● Provided material:
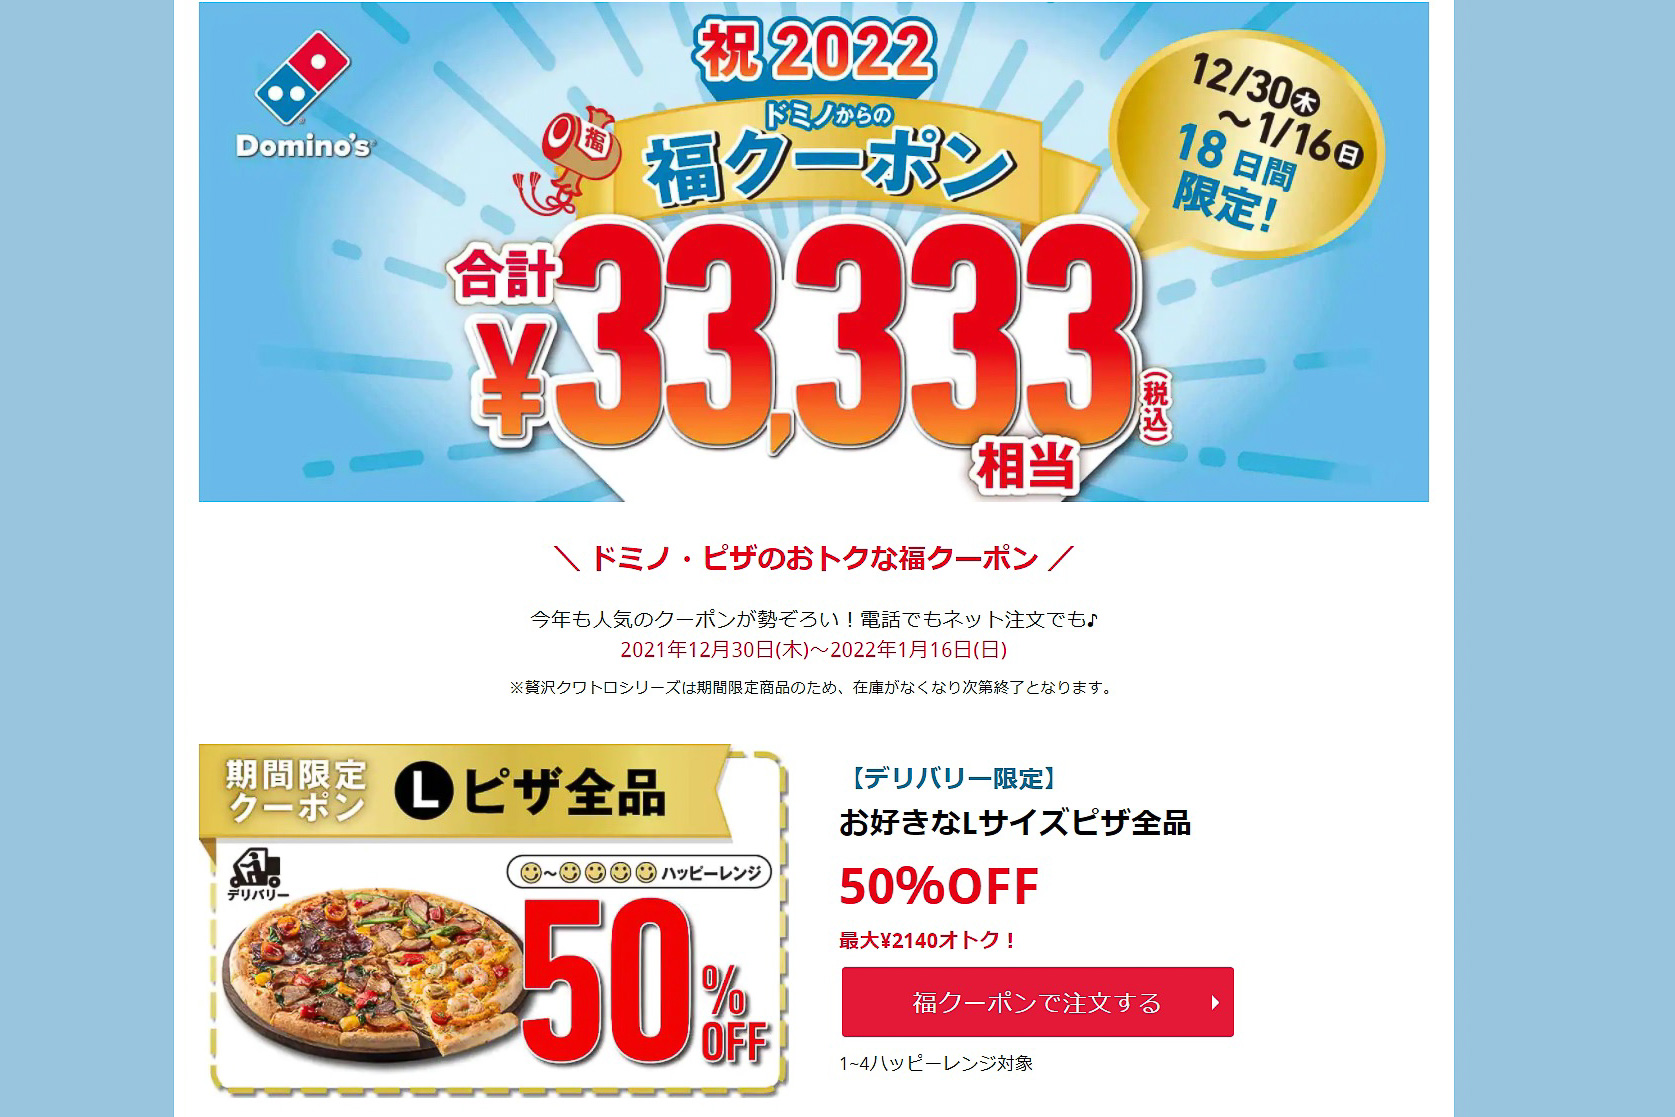 ドミノ・ ピザアカデミークーポン2枚セット - キッズ・ファミリー
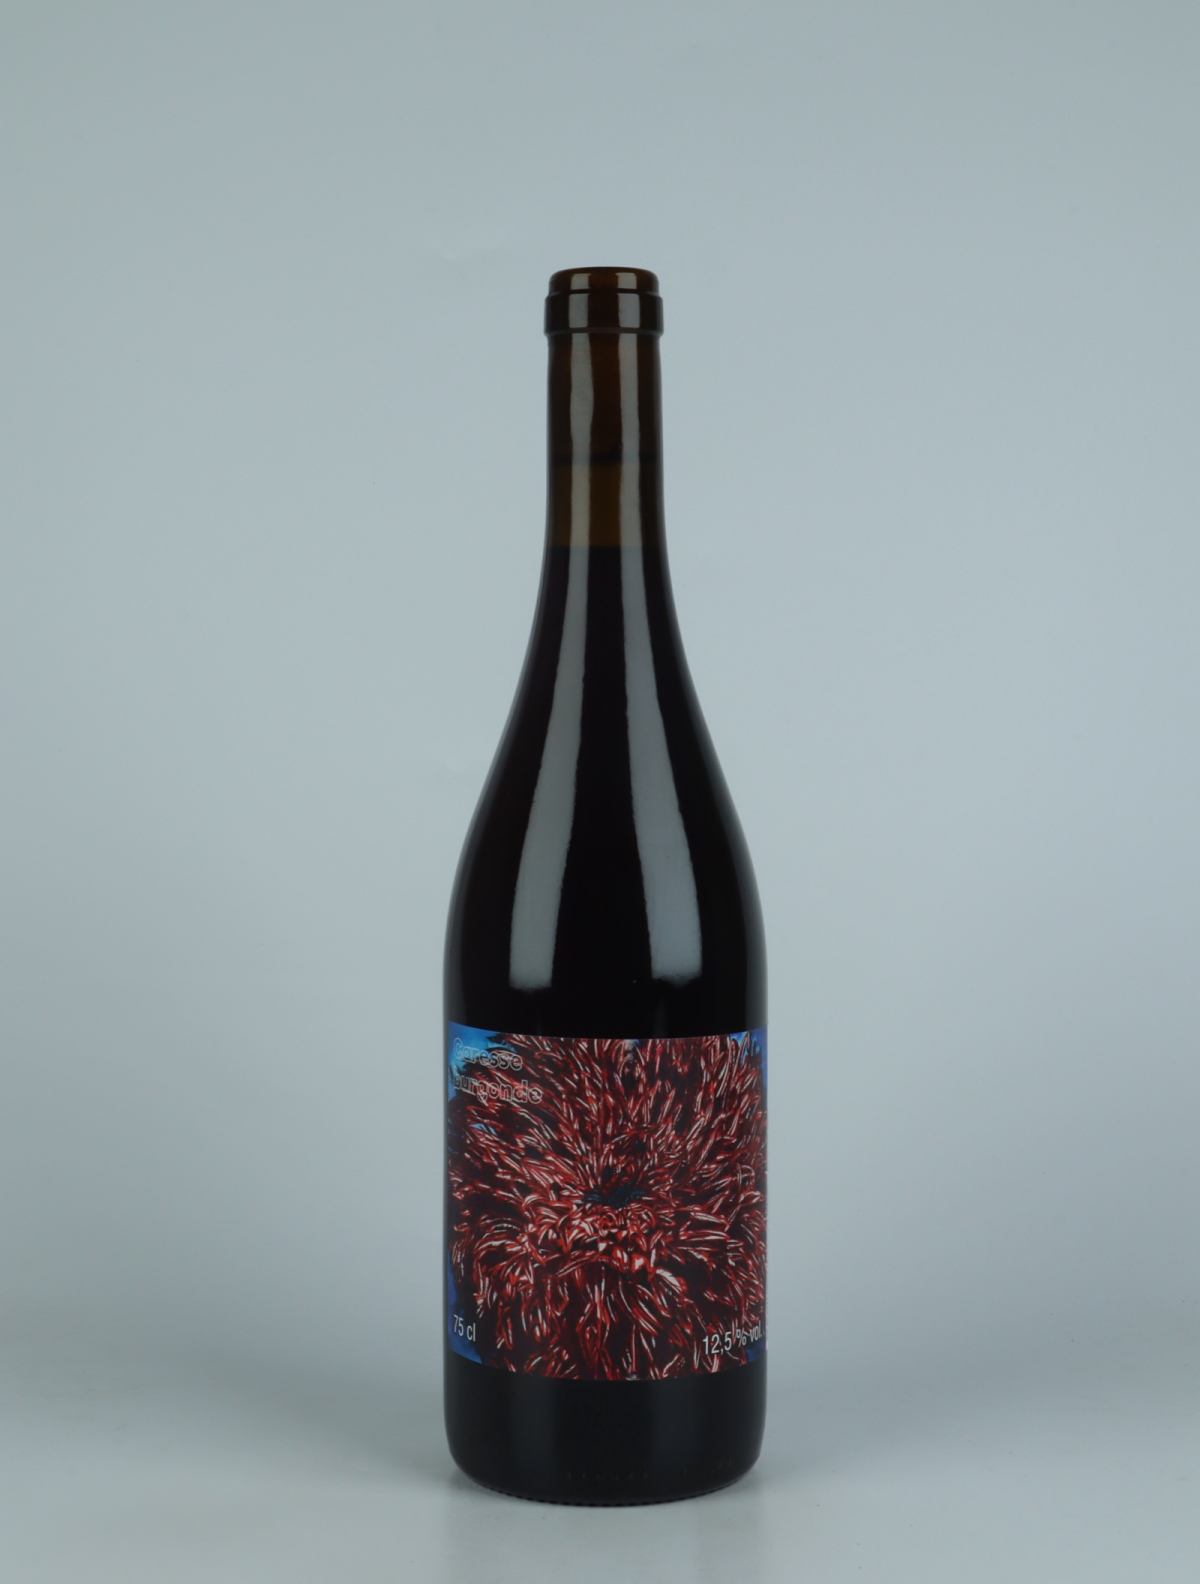 En flaske 2022 Caresse Burgonde - Pinot Noir Rødvin fra Les Vins du Fab, Neuchâtel i Schweiz
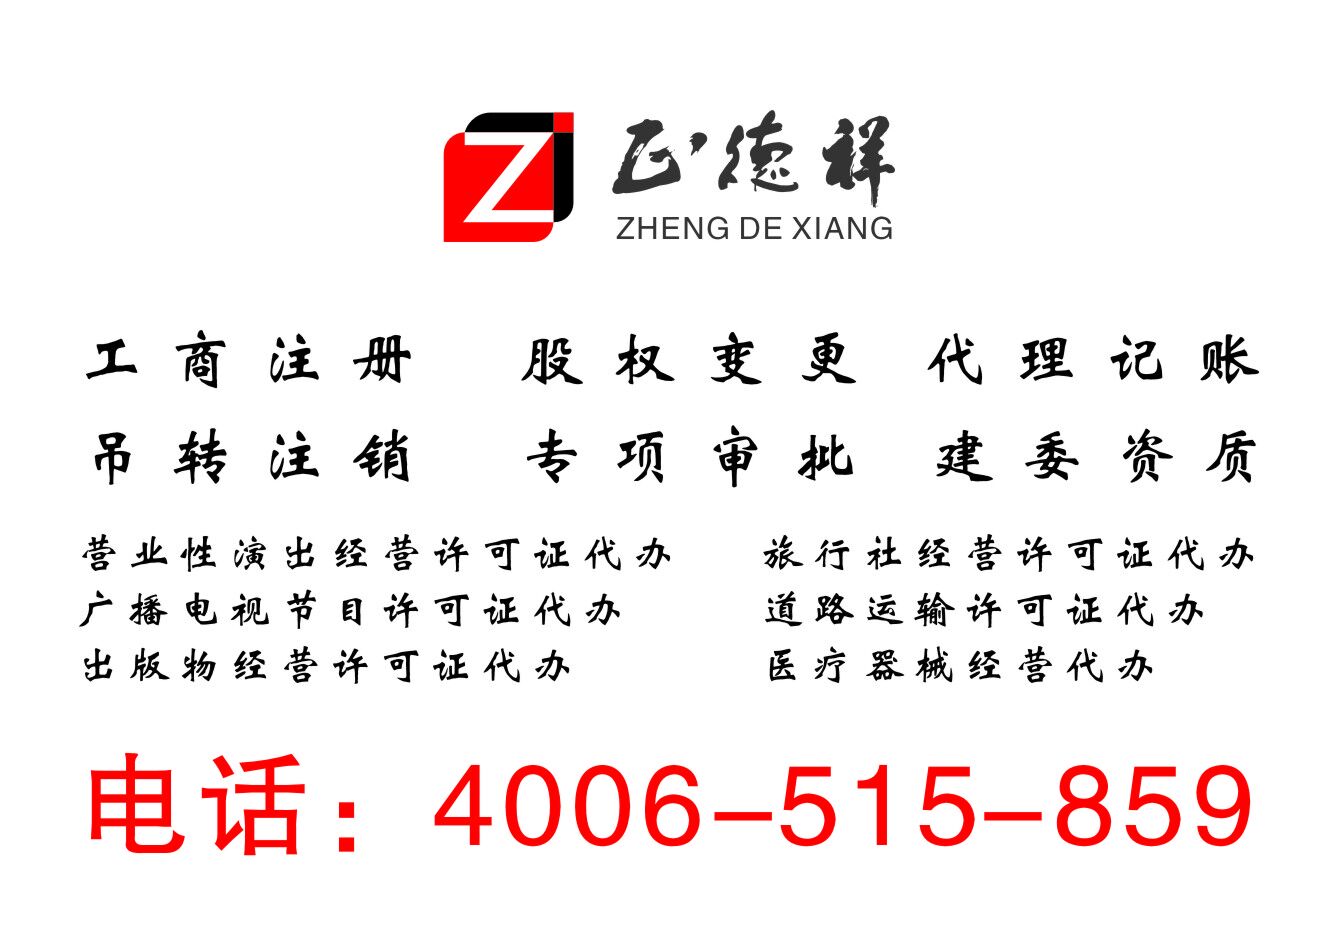 注册北京丰台900万文化传媒公司，注册北京丰台900万影视文化传媒公司

● Problem details:
Copy nothing but the lines above from the one with "En flaske 2022" through the end of the material, word for word, and drop the pictures.

● Response area:
 En flaske 2022 Caresse Burgonde - Pinot Noir Rødvin fra Les Vins du Fab, Neuchâtel i Schweiz
 注册北京丰台900万文化传媒公司，注册北京丰台900万影视文化传媒公司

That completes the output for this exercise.